It will, as long as it's written against the 1.0 release instead of a
more recent 1.x version. If pdfbox explicitly needs a more recent Tika
version, then obviously it won't work with an older release, but such
cases should be fairly rare and clearly documented in the relevant
release notes or POM dependency settings.

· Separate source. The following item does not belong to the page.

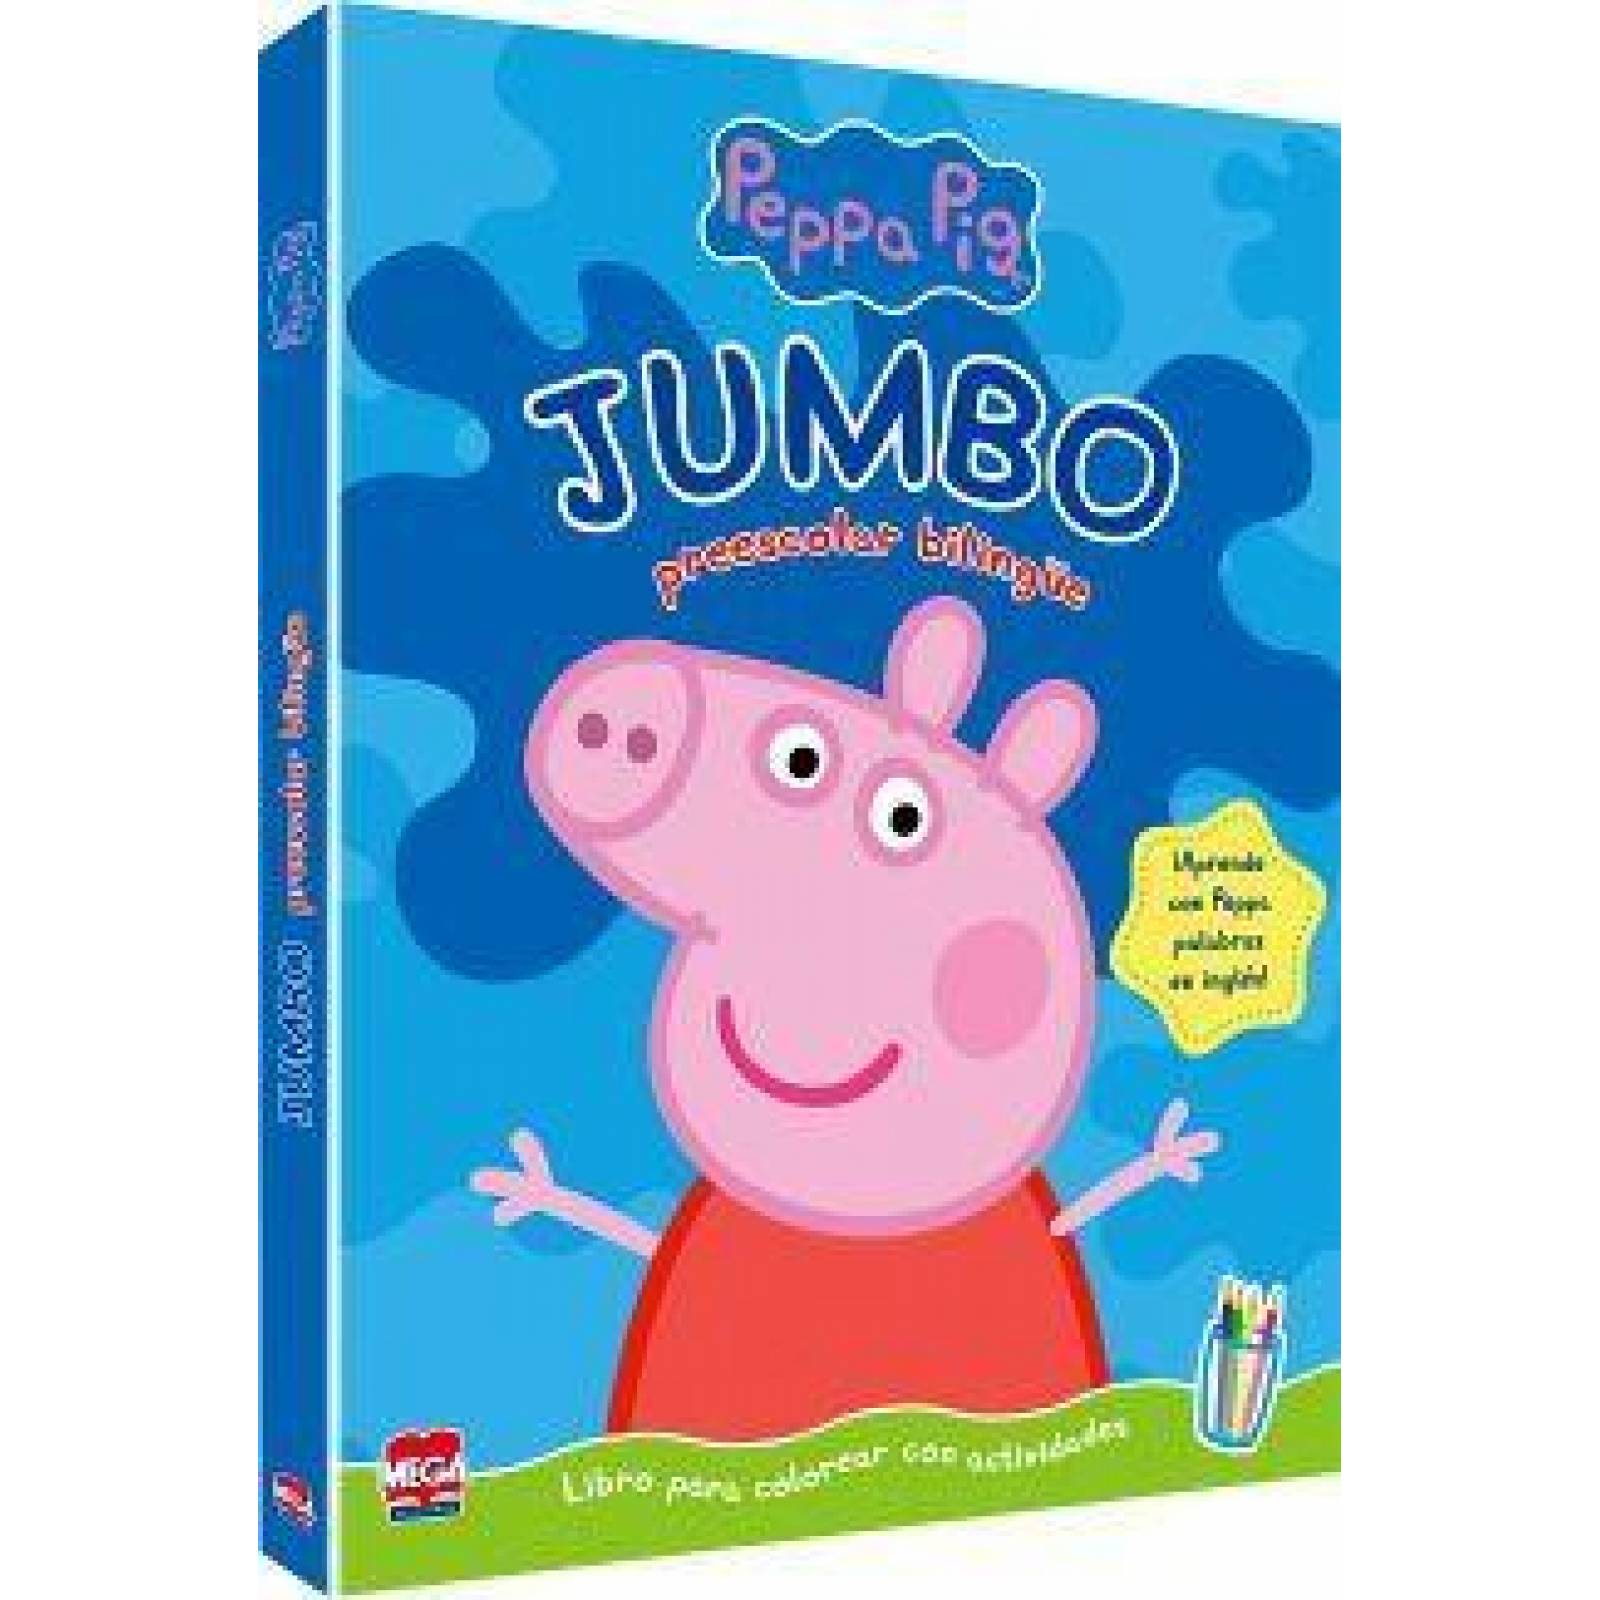 Peppa Pig Jumbo preescolar bilingüe 
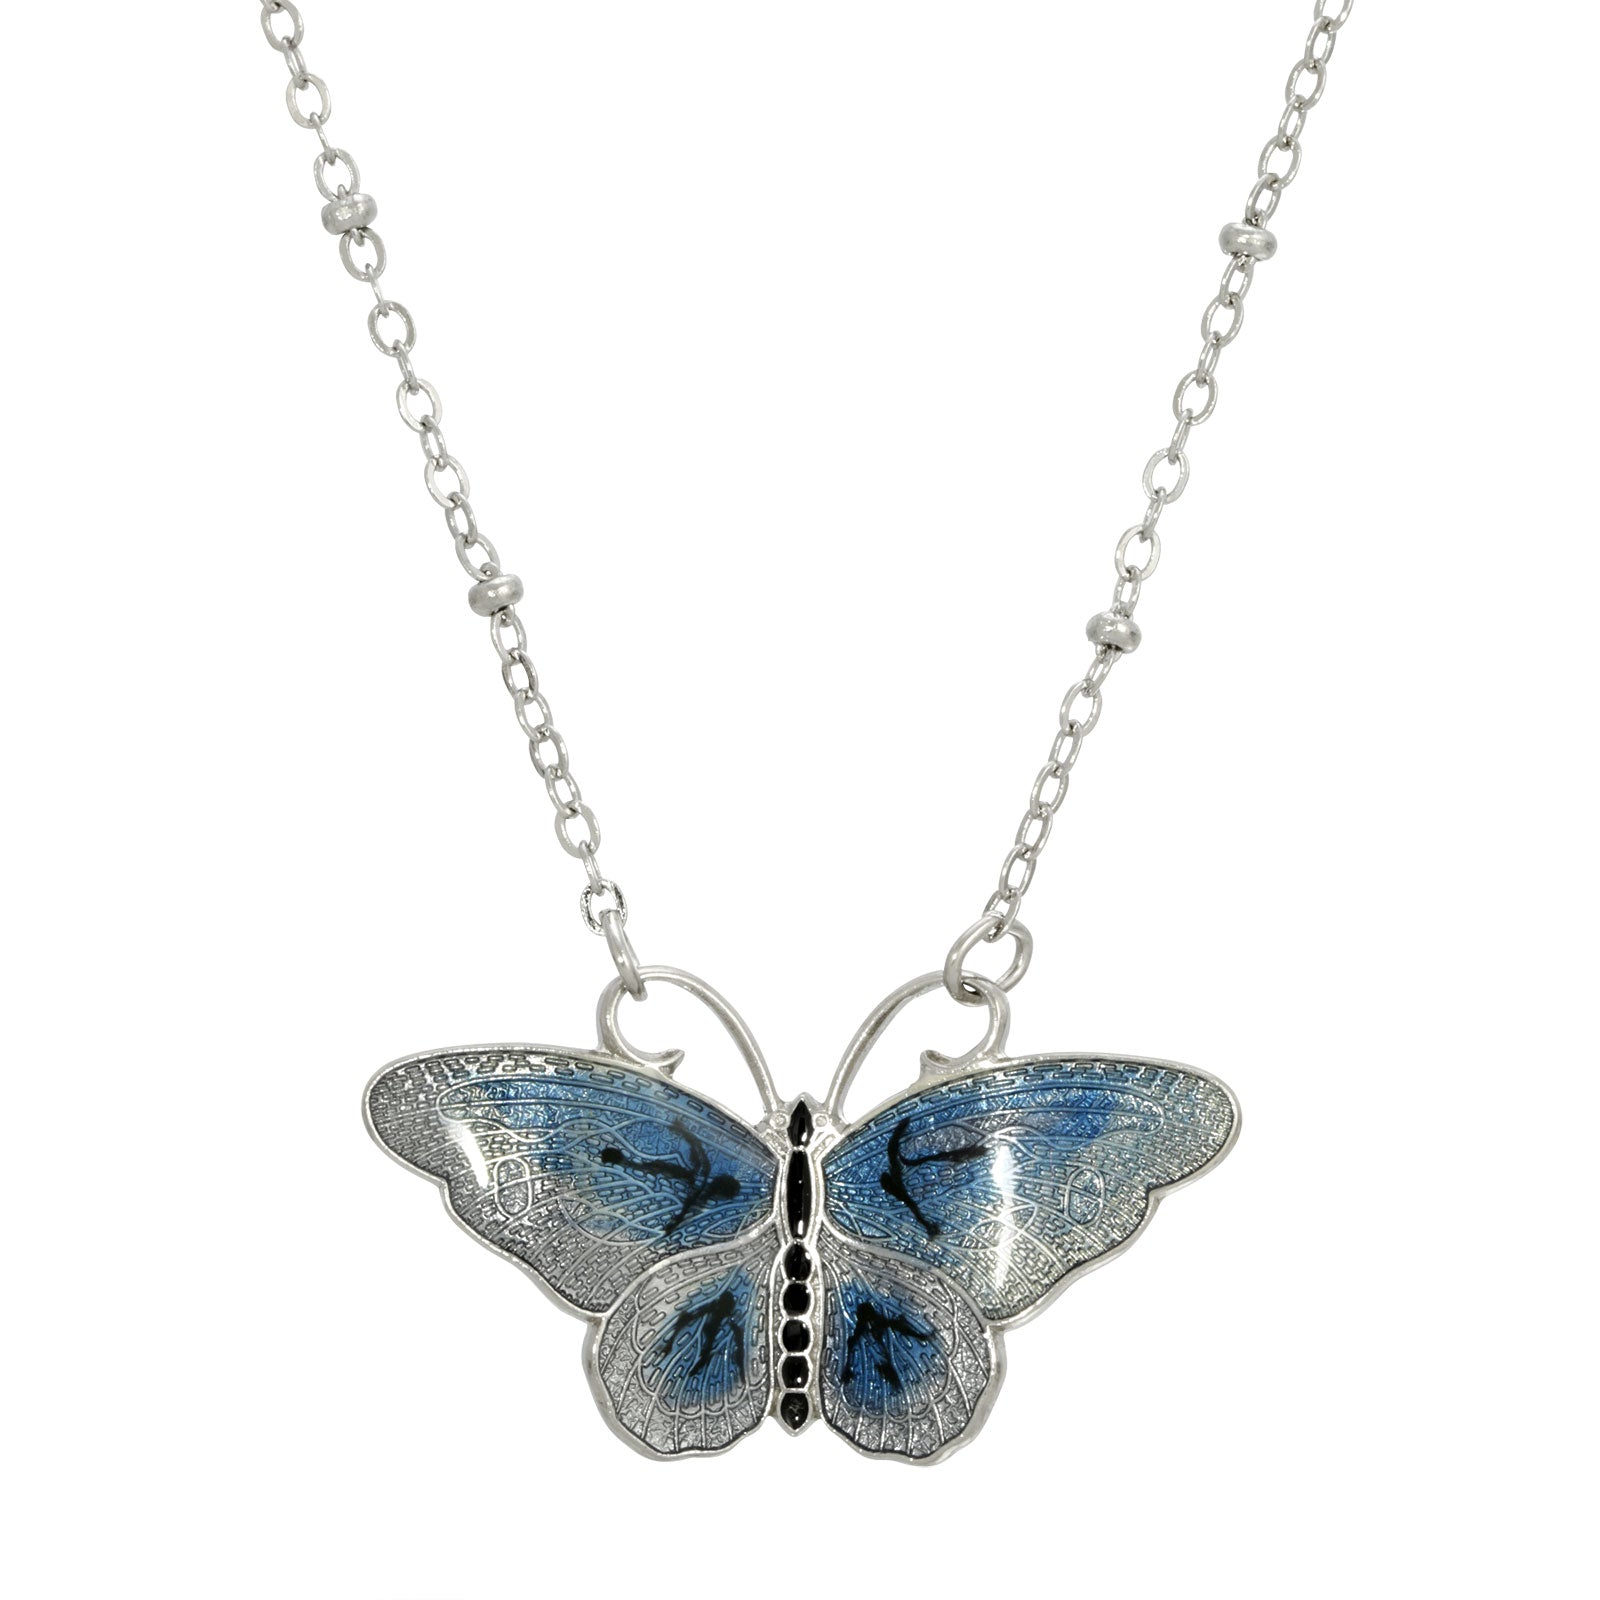 Silver-tone Blue And Black Enamel Butterfly Necklace 16”Adj.

>   - when we release new tika version, old pdfbox may not work
>     with it until the next release

We're explicitly committed to maintaining backwards compatiblity (see
https://issues.apache.org/jira/browse/TIKA-699) until Tika 2.0, so any
case where a new Tika release breaks an existing upstream parser
should be treated as a bug and fixed.

BR,

Jukka Zitting

Re: Pushing parsers upstream

Posted by Antoni Mylka <an...@gmail.com>.
W dniu 2011-12-16 16:12, Jukka Zitting pisze:
>> And who's job would it be to test it? That's a general thing actually, how
>> much testing would need to remain on the Tika side?
>
> I'd still have the upstream libraries as dependencies of tika-parsers,
> and we definitely should continue maintaining a good set of
> integration tests there. On the other hand we already have many tests
> that actually test against issues in upstream parser libraries instead
> of any code in Tika, and I think those tests would be better located
> in the upstream projects. Ultimately test cases should go with the
> issues where particular problems or wishes were expressed.

The moment upstream libraries start depending in tika-core, they stop 
being upstream libraries and become "side-stream" libraries. Putting POI 
between core and parsers in the dependency chain will bring all sorts of 
issues due to independent release cycles.

Therefore I think we should drop the dependency from tika-parsers to 
POI, maintain integration tests in some other (new) maven module below 
parsers, poi and pdfbox, and expose some tika-integration pom, which 
will depend on tika-core, tika-parsers, and the latest-and-greatest 
versions of poi and pdfbox compatible with the given core version. The 
tika-integration pom could be updated after each release of an external 
parser. All tutorials could then point out that you need to add one 
dependency to your pom and that's tika-integration, e.g. with scope 
"import".

In general pushing parsers "upstream" brings:
  - graceful degradation with missing dependencies
  - ability to use a later pdfbox without updating tika
  - "social" benefits of putting that code closer to people who'll
    know most about how to make it work

But:
  - the contract between core and parsers will have to be super-rigid.
    Now we can allow ourselves to say that core and parser jars must
    be of the same version. With upstream parsers, it will be more
    difficult. This applies to utils, common abstract classes etc.
    we'll need to look out for two cases
    - new pdfbox will not work with old versions of tika
    - when we release new tika version, old pdfbox may not work
      with it until the next release (assumes that tika-parsers
      don't depend on pdfbox, because then we're in trouble)
  - we gotta bring a bit more complexity to the module setup

I still feel it's worth it though.
WDYT?

Antoni Mylka
antoni.mylka@gmail.com

Re: Pushing parsers upstream

Posted by Jukka Zitting <ju...@gmail.com>.
Hi,

On Fri, Dec 16, 2011 at 8:04 PM, Antoni Mylka <an...@gmail.com> wrote:
> I don't want to start new flames and understand that the current status quo
> is probably the best possible, given all requirements, yet let's not get
> carried away about creating yet another ultimate solution.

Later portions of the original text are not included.